From this, the state of a corrupted n-qubit codeword is:

\begin{equation} \tag{2} |e\rangle|\Psi\rangle \to \sum_{\mu_{1}=0}^{3}...\sum_{\mu_{n}=0}^{3}|e_{\mu_{1}...\mu_{n}}\rangle \textbf{X}^{\mu_1}\otimes...\otimes\textbf{X}^{\mu_n}|\Psi\rangle \end{equation}

I can understand the above two equations. But when constructing the general form of the state of a corrupted n-qubit codeword with the assuming that at most one single qubit in the codeword suffers an error, the book says that 'the terms in (2) are dominated by those in which only a single one of the $X^{\mu_i}$ differs from $\textbf{1}$, and the general form of (2) becomes a superposition of terms in which each individual Qbit sufferers an error.

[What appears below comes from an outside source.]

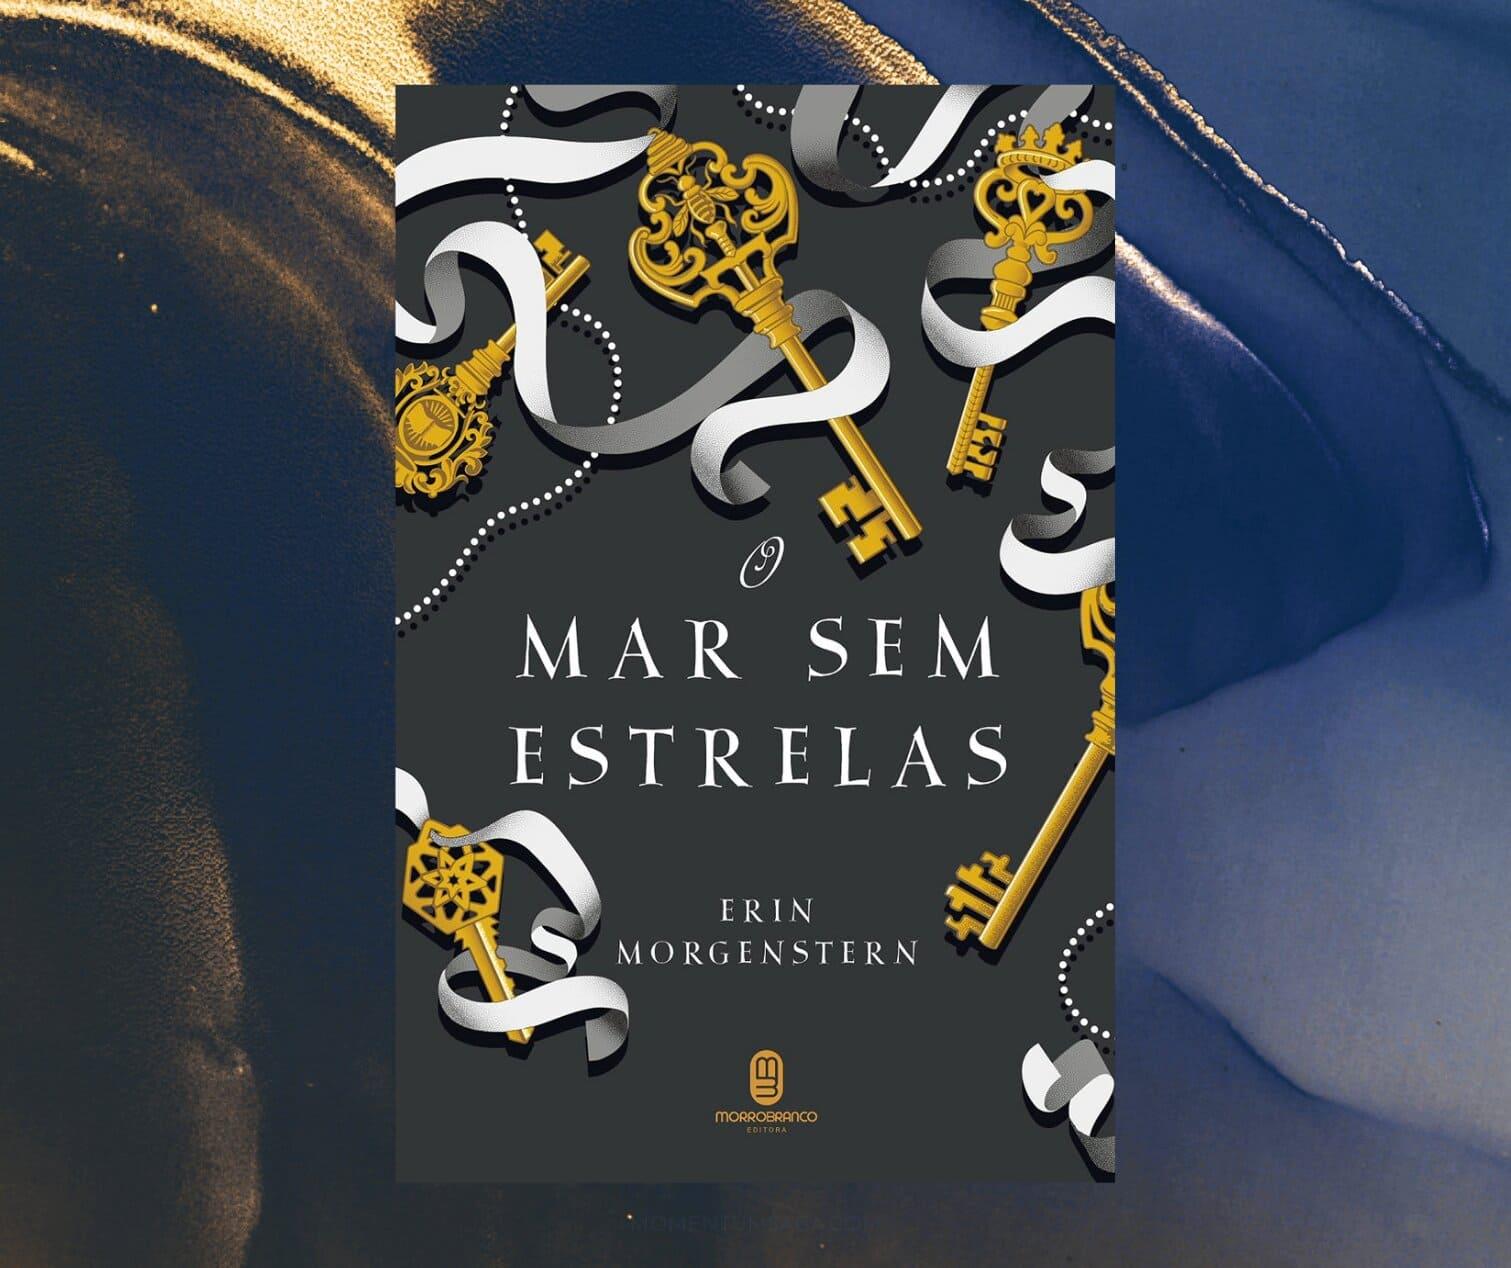 Resenha: O Mar Sem Estrelas, de Erin Morgenstern

\begin{equation} \tag{3} |e\rangle|\Psi\rangle \to [\sum_{i=0}^{n-1}(|a_i\rangle\textbf{X}_i+|b_i\rangle\textbf{Y}_i+|c_i\rangle\textbf{Z}_i)+|d\rangle\textbf{1}]|\Psi\rangle \end{equation}

What I do not understand is that since we assume only one qubit has error, then only one of the $X^{\mu_i}$ in $X^{\mu_1}\otimes...\otimes X^{\mu_n}$ in equation (5.16) looks like $|d\rangle\textbf{1} + |a\rangle\textbf{X} + |b\rangle\textbf{Y} + |c\rangle\textbf{Z}$. As a result, the state $\Psi$ should only suffer error in this ith qubit. How do the auther get from (2) to (3) where all the qubits seem to have an error?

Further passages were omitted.